Тогда Леони было почти шестнадцать. Она радовалась работе, чувствовала себя счастливой в семье, в особенности от того, что у нее имелась маленькая племянница, получала удовольствие от успехов «Эммелин» – прелестного ателье, которым владела кузина Эмма.

До тех пор, пока все не рухнуло.

– Лорд Суонтон появился в магазине моей кузины, чтобы купить подарок своей матери, – объяснила Леони. – Он был милым, мягким и обходительным. В Париже джентльмены очень часто путают ателье по пошиву одежды с борделями.

Те, кто упорствует в своем заблуждении, потом часто попадают в неприятные ситуации.

Самое первое правило, которое усвоила Леони, гласило: мужчинам требуется лишь одно… Кузина Эмма учила своих юных подопечных, как защищаться от агрессивных мужчин, наравне с тем, как кроить и шить. К сожалению, она не рассказала девочкам, как вести себя с римскими божествами. Это было более хитрое дело, чем заниматься коммерцией, хотя у Леони хватка была не то что у ее сестер. Это сразу становилось очевидным, как только дела выходили на первый план. Марселина и Софи всегда витали в облаках – мечтательницы и авантюристки. Так типично для семейства Нуаро! Так типично для семейства Делюси!

От него пахло чистотой. Так пахнет в воздухе после дождя. Как это ему удается? Это такой одеколон? Или какое-то новое чудодейственное мыло?

Когда они спустились на первый этаж, пульсирующая боль в лодыжке ослабла.

– Мне кажется, вы можете меня отпустить, – сказала Леони.

– Уверены?

– Лодыжка болит не сильно.
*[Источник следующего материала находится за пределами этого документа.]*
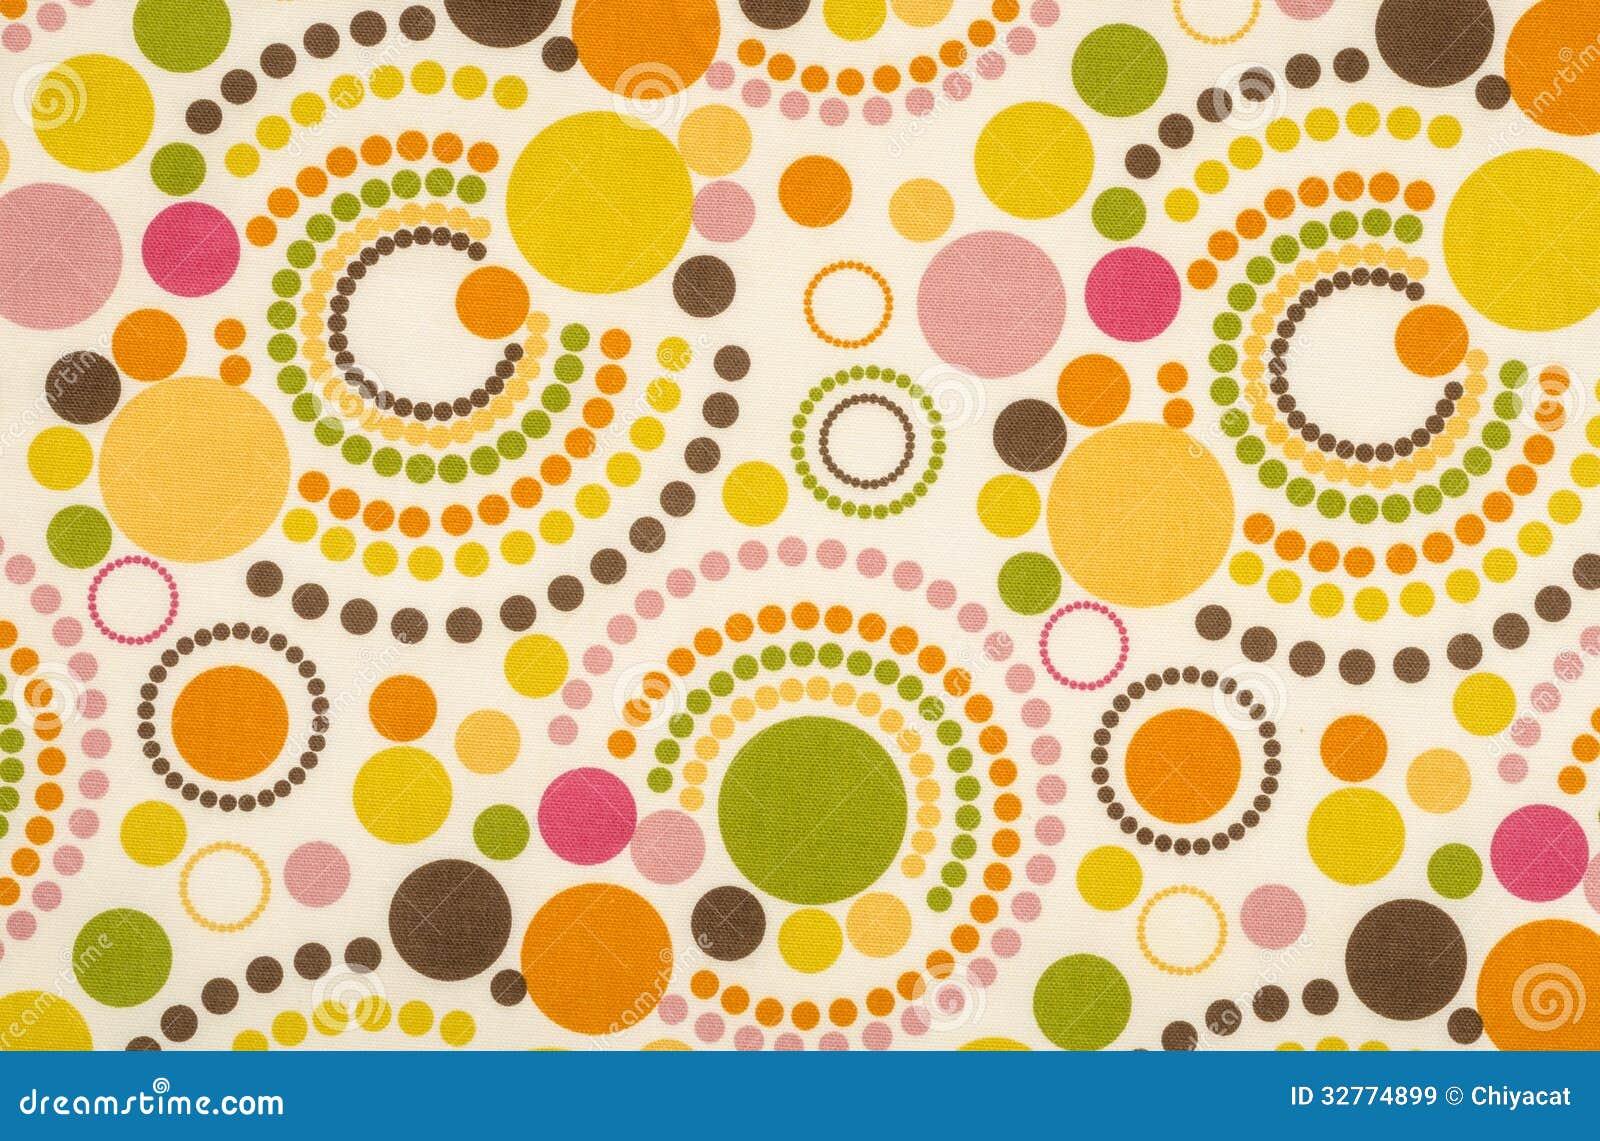 Colorful Polka Dot Fabric Royalty Free Stock Images - Image: 32774899

Я уже могу не опираться на вас.

На самом деле ей нельзя было опираться на него вообще, потому что он слишком тесно прижимал ее к себе. Она ощущала каждый дюйм мужской мускулистой руки и – несмотря на нижнюю рубашку, корсет, лиф и пелерину – что его пальцы касаются самого низа ее грудной клетки.

Леони перестала обнимать его за шею. Лисберн отпустил ее талию, предложив теперь руку. Она протянула ему свою ручку в перчатке, и он взялся за нее так же решительно, как перед этим за талию.

Ей пришлось сказать себе, что в этом нет ничего интимного по сравнению с тем, как он держал ее в объятиях, прижимая к себе. Однако это не могло объяснить, почему у нее возникло желание развернуться и убежать прочь. Она знала, как защитить себя, разве не так? Знала, как не подпасть под очарование красивого мужского лица и стати, а также низкого, обольстительного голоса.

Леони не могла позволить, чтобы ею руководила паника. Лодыжка перестала болеть лишь в самой малой степени. Ей придется без помощи хромать до ателье по жаре. Хоть расстояние невелико, но надо будет тащиться в гору. Пока доберется до места, она только еще больше растревожит ногу и станет ни на что не годна.

Дело на первом месте, и на последнем, и всегда! Когда они вышли на Пэлл-Мэлл, Леони сосредоточилась на том, чтобы подсчитать, каким капиталом он обладает, напомнив себе про его будущую жену и (или) любовницу и подавив неприятные эмоции цифрами, как ей частенько приходилось делать. Подругу леди Клары теперь можно будет сбросить со счетов. На сегодня это было ее единственным делом.

– Вы что-то начали говорить про свое дело, – напомнил Лисберн.

– Разве? – Сердце быстро заколотилось. Она что, начала говорить вслух сама с собой и не заметила этого?

– Перед тем, как заторопились к моему кузену.

– Ах, это… – расслабилась Леони. – Да, верно. Куда бы лорд Суонтон ни отправился, его всегда сопровождает большая группа молодых девиц. Он сказал одной из наших клиенток, что собирается сегодня после обеда побывать в Британском Институте. Мне показалось, что это удачная возможность познакомить с работой нашего ателье тех, кто еще ничего о нем не знает.

– Значит, никакого отношения к его поэзии это не имеет.

Она пожала плечами и получила в ответ новый приступ боли.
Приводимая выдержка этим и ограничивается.